__What is being asked__:
Below are entries. Give back exactly the lines from the one containing "Piteira de Papel Bros Pink Super Large" through the one containing "2/23 Tango Meets Jazz vol.57", inclusive, without the pictures.

__Task input__:
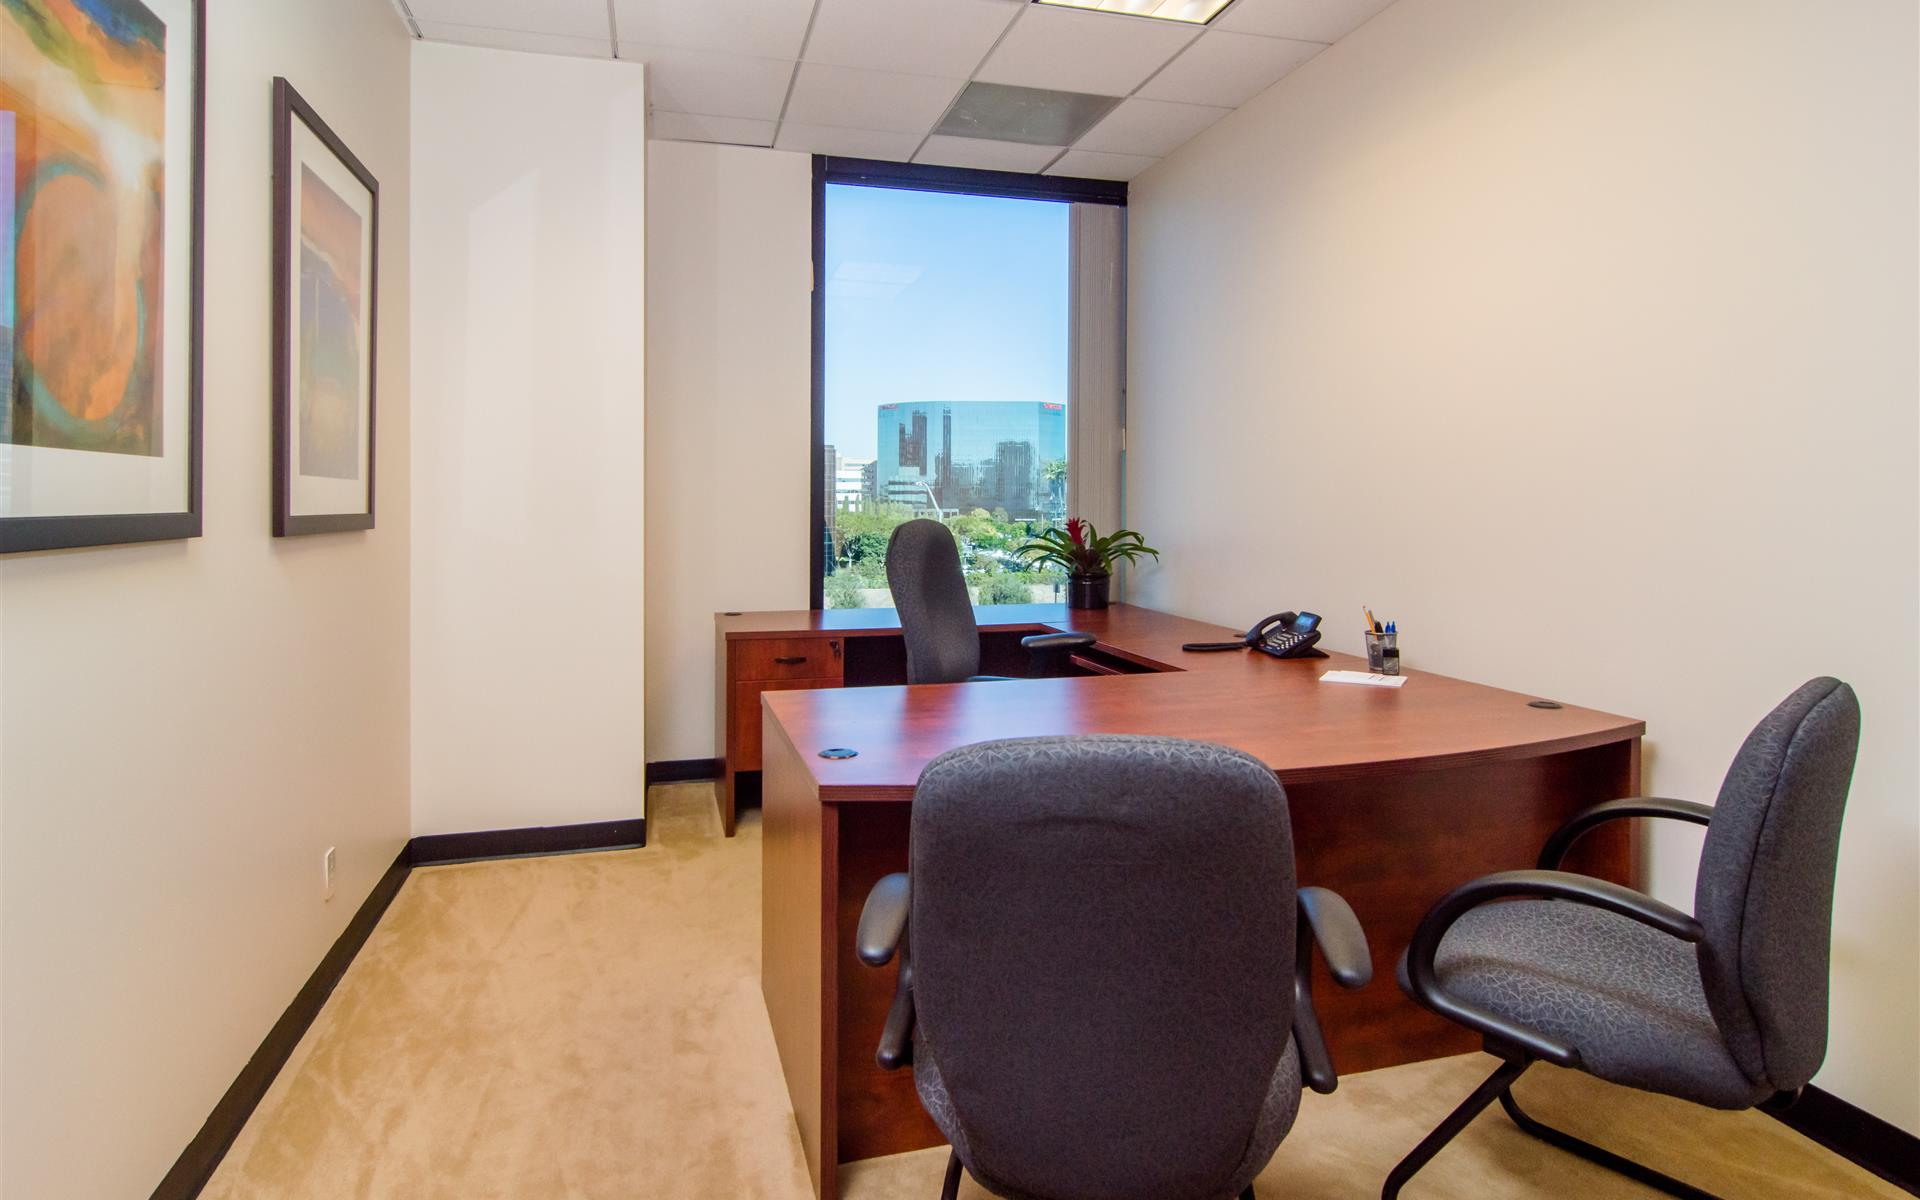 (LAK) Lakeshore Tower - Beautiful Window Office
---
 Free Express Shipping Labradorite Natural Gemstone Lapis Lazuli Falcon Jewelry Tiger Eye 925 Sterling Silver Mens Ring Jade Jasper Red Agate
* * *
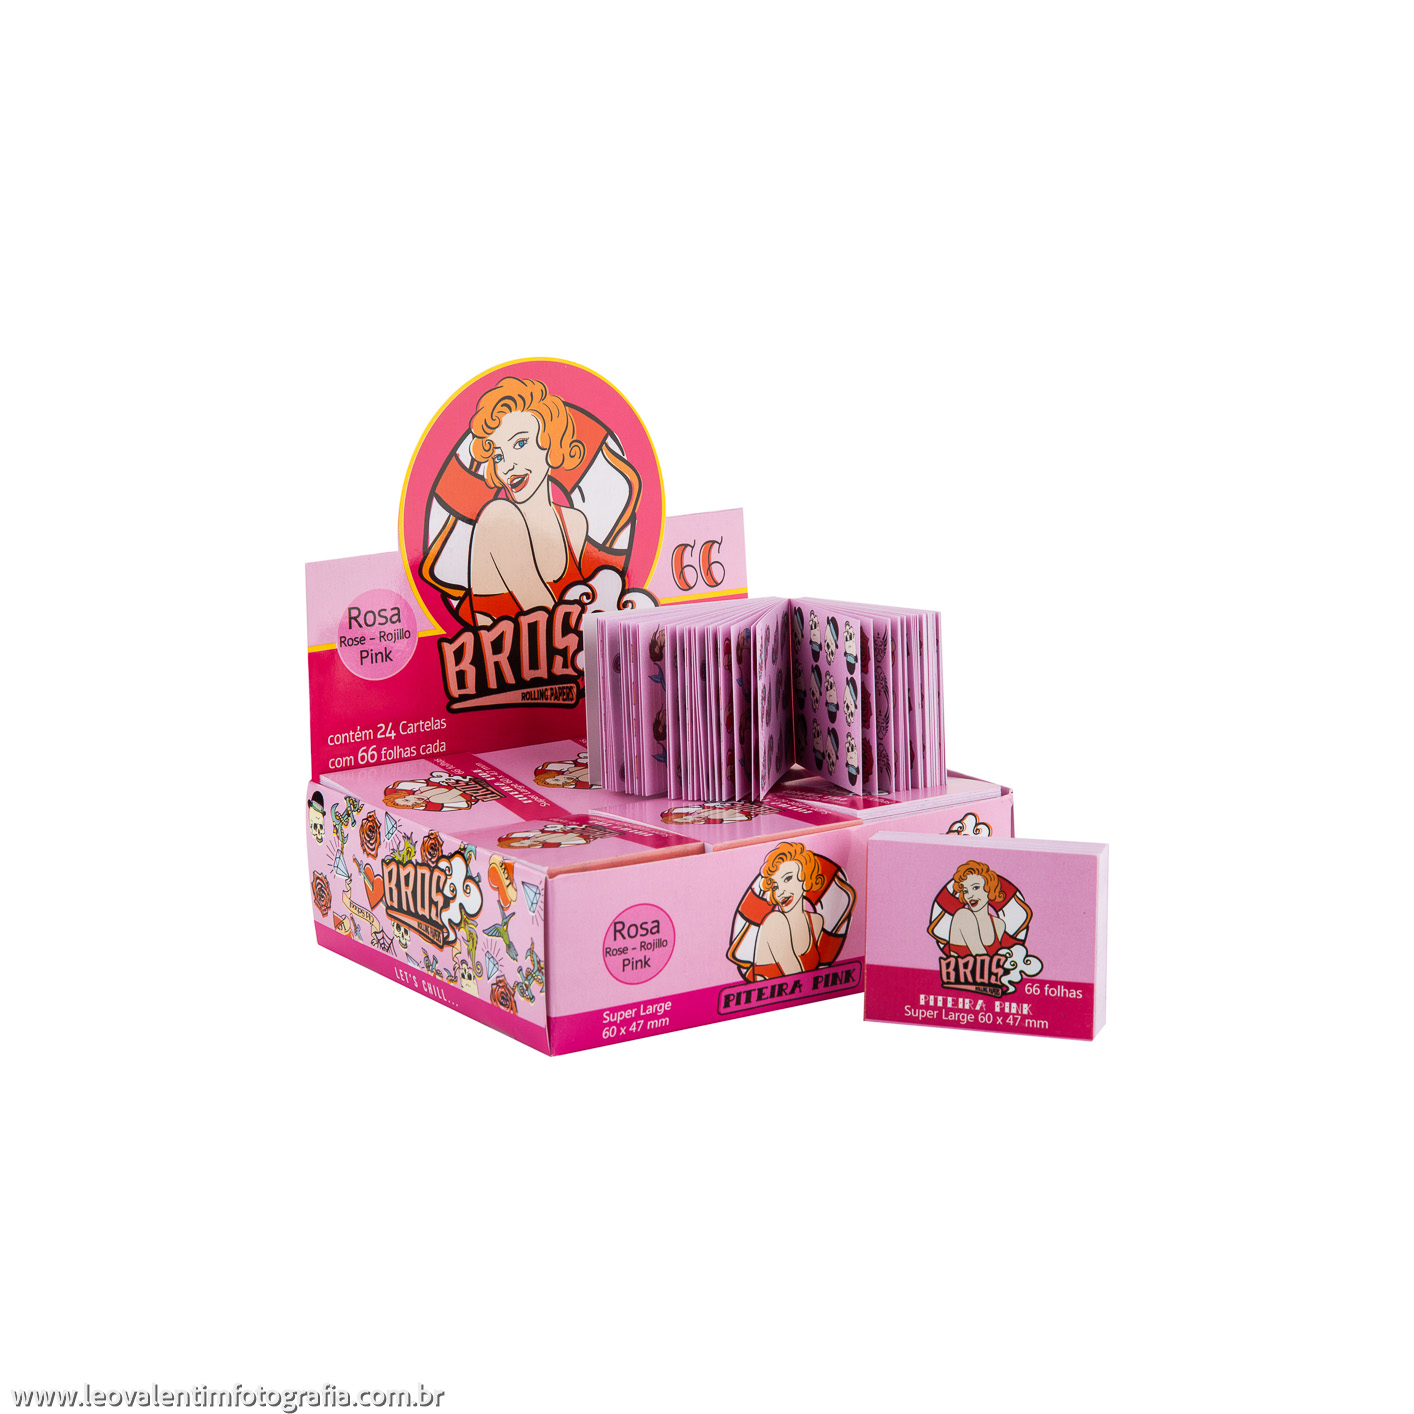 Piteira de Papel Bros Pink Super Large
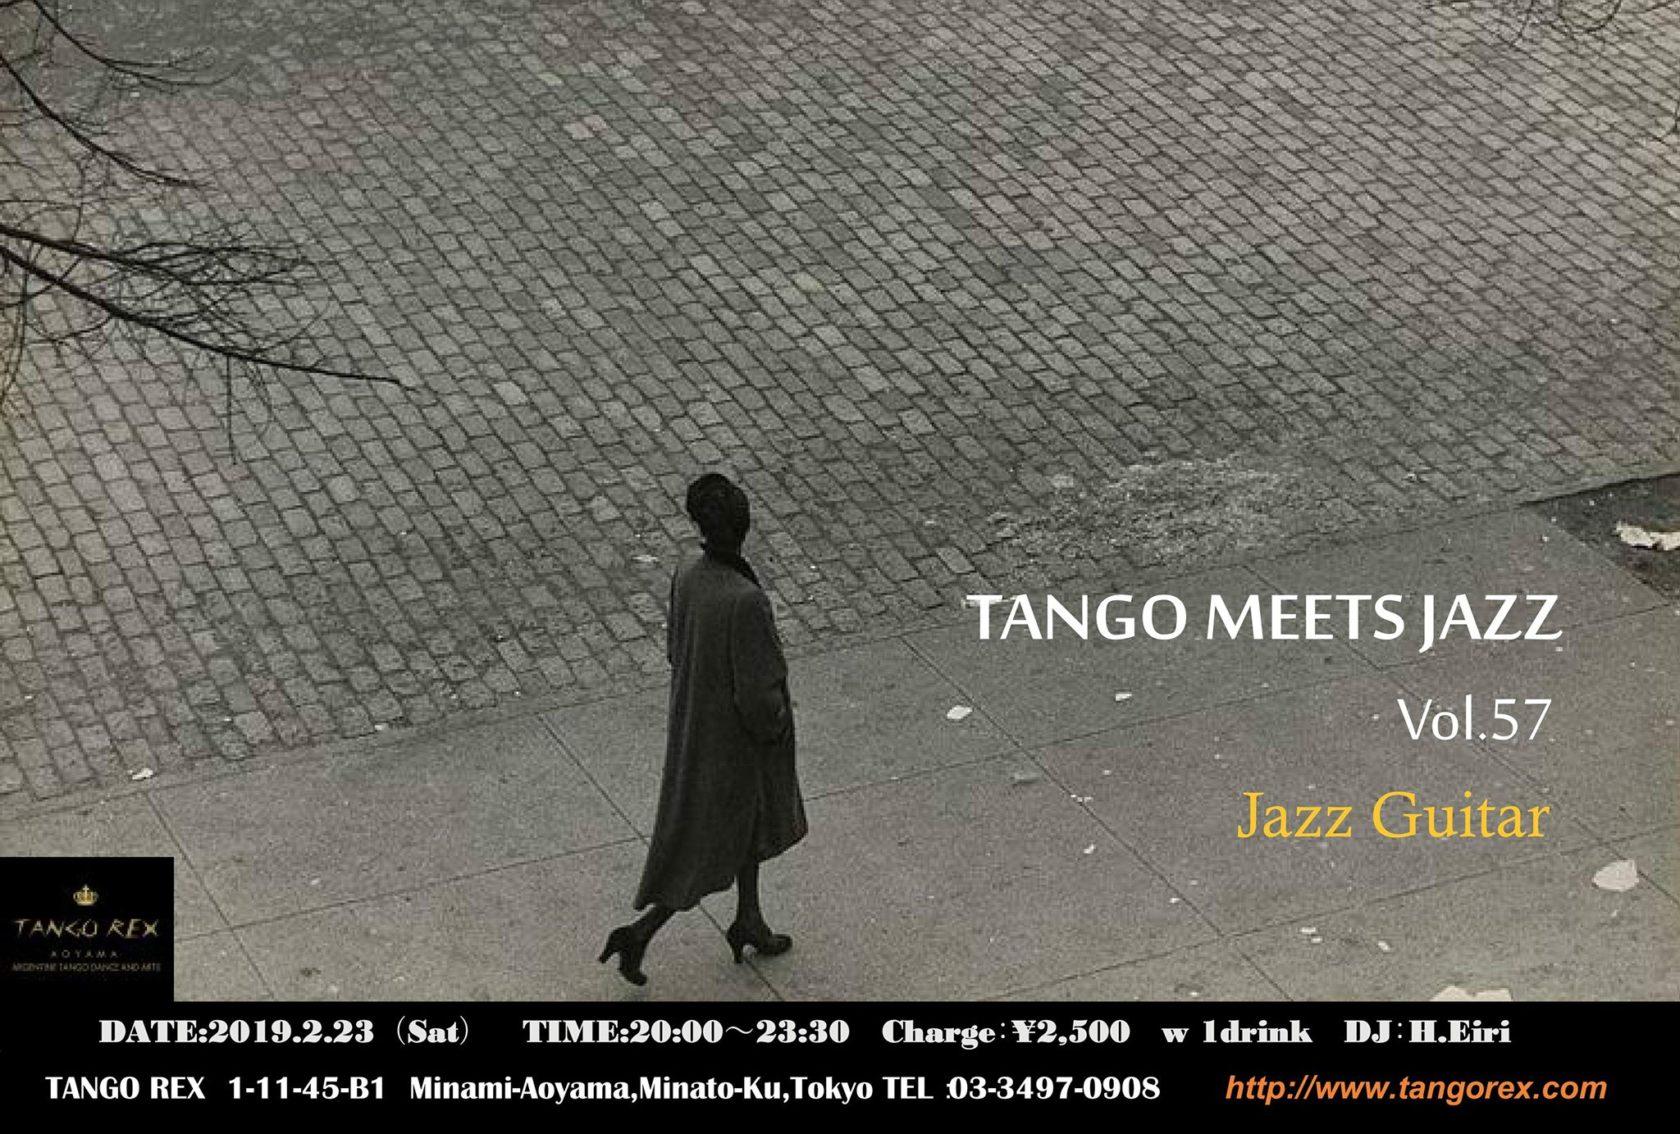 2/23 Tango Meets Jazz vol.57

__Finished exercise__:
 Piteira de Papel Bros Pink Super Large
 2/23 Tango Meets Jazz vol.57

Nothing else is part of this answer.